--- Exercise instructions ---
Exclude all pictures from your copy of the data below, which should otherwise match exactly.

--- Provided material ---

▼

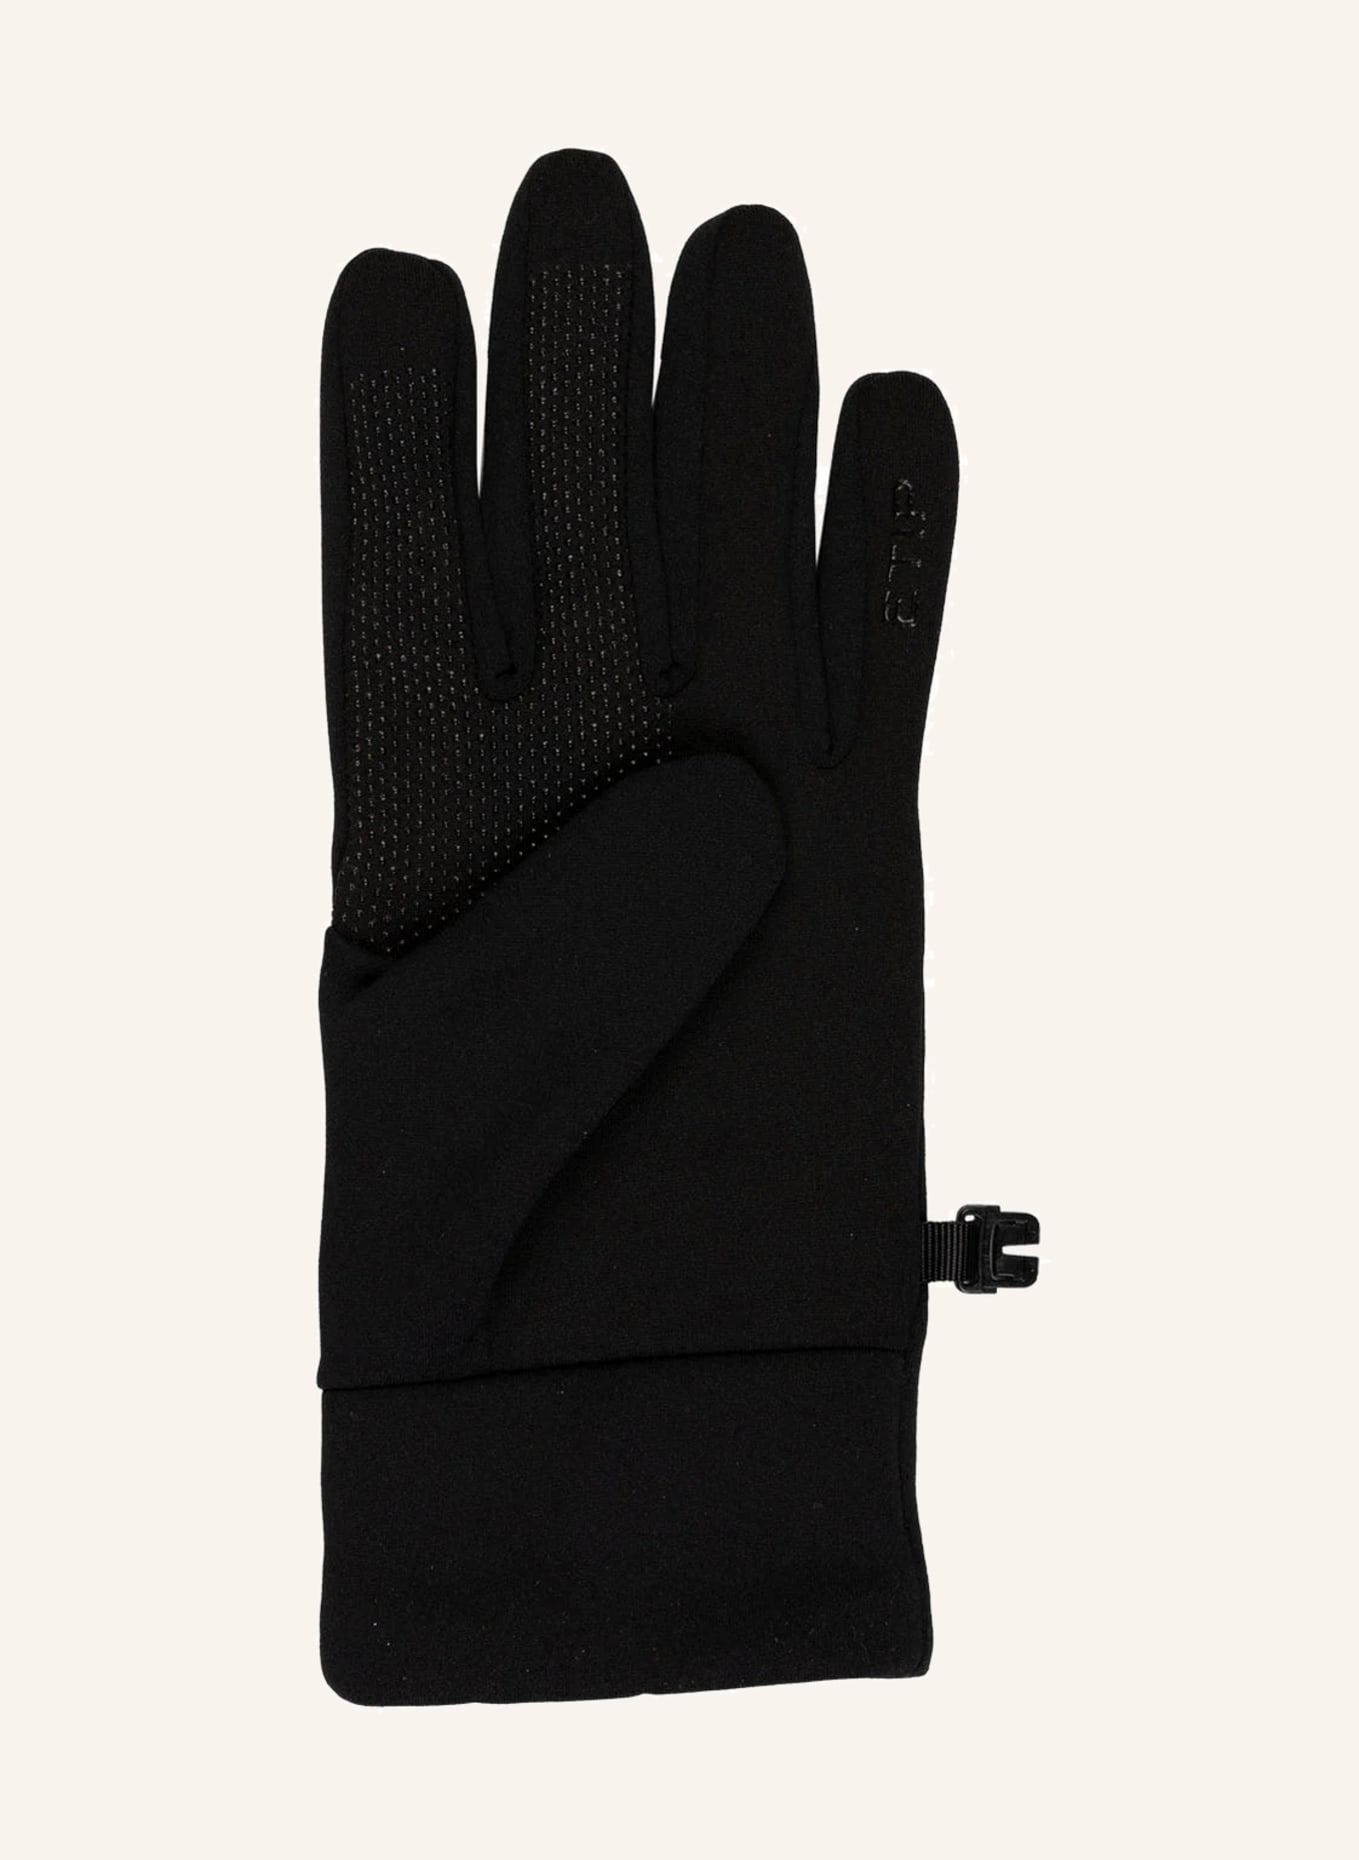 THE NORTH FACE Multisport-Handschuhe ETIP mit Touchscreen-Funktion in jk3  tnf black
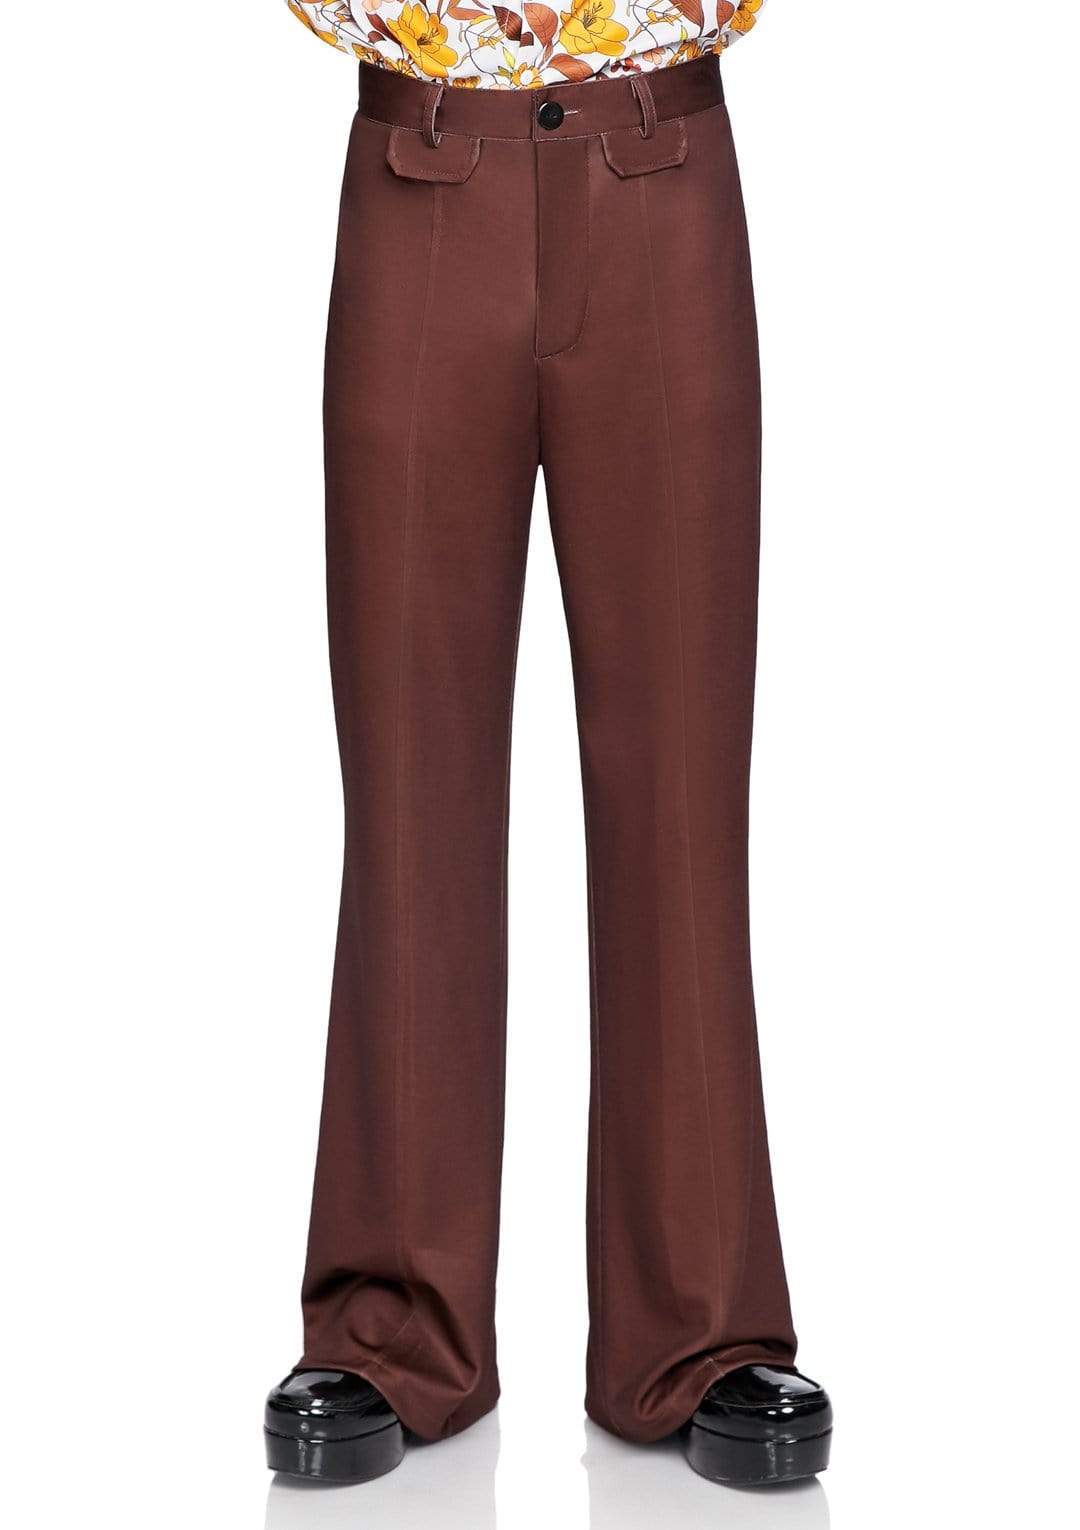 1970s Disco Bell Bottom Costume Pants
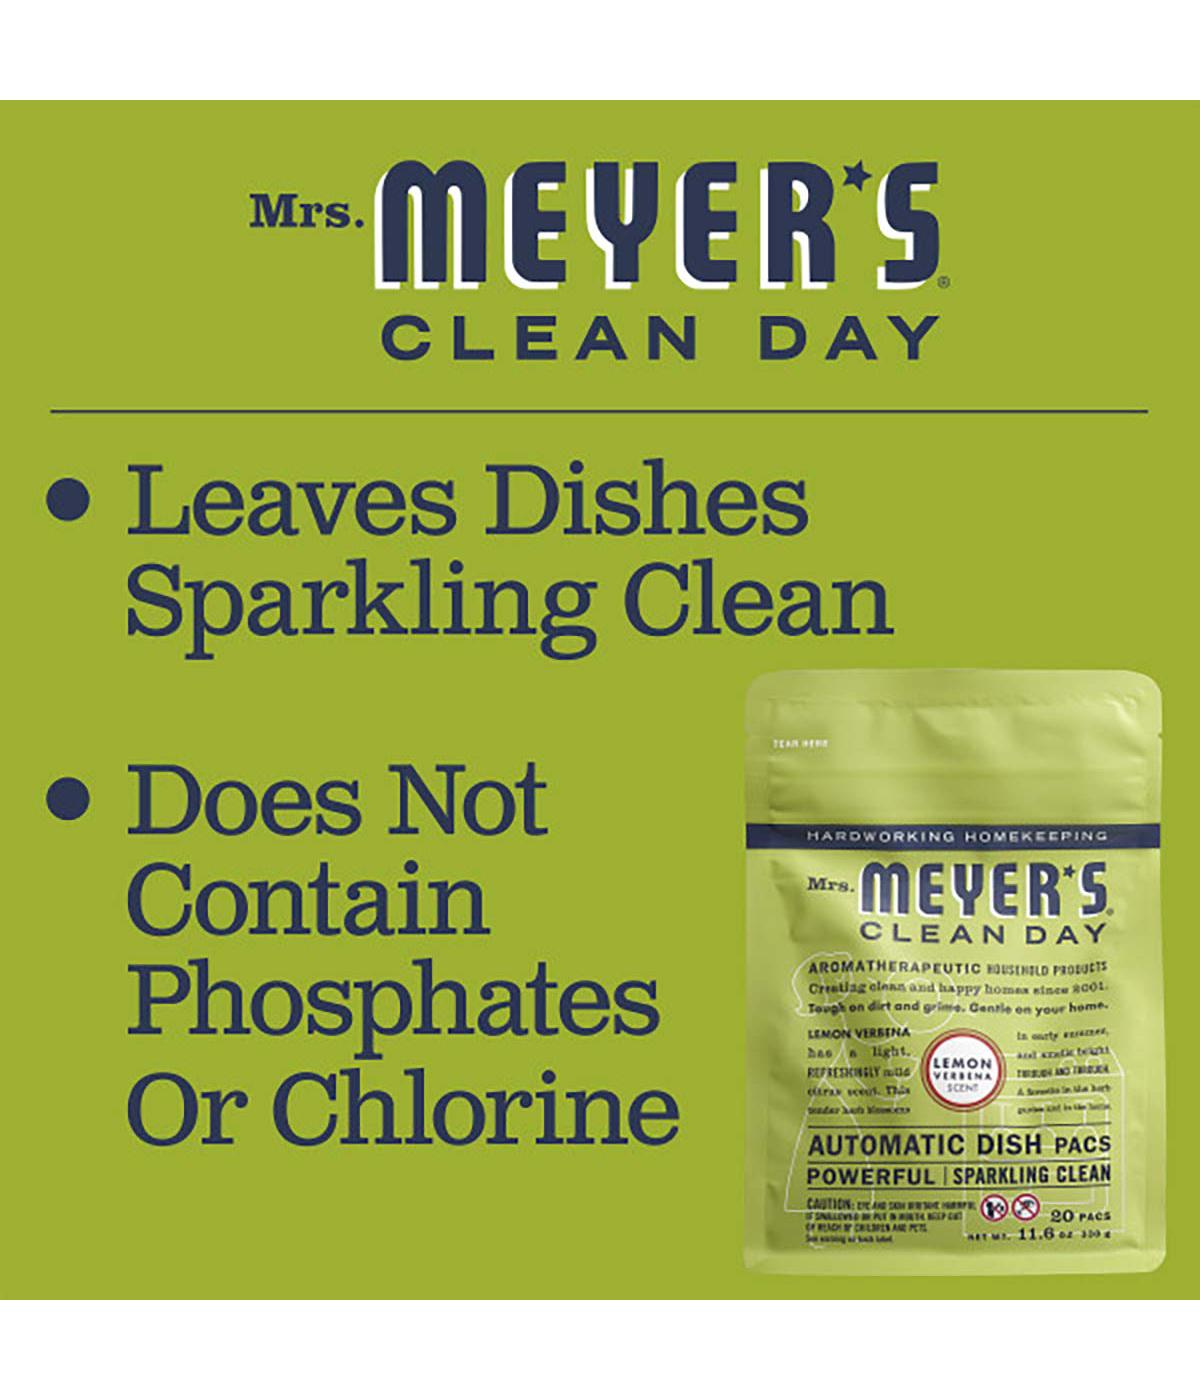 Mrs. Meyer's Clean Day Lemon Verbena Automatic Dish Packs; image 2 of 2

▲

--- Reply to the task ---
 THE NORTH FACE Multisport-Handschuhe ETIP mit Touchscreen-Funktion in jk3  tnf black
 1970s Disco Bell Bottom Costume Pants
 Mrs. Meyer's Clean Day Lemon Verbena Automatic Dish Packs; image 2 of 2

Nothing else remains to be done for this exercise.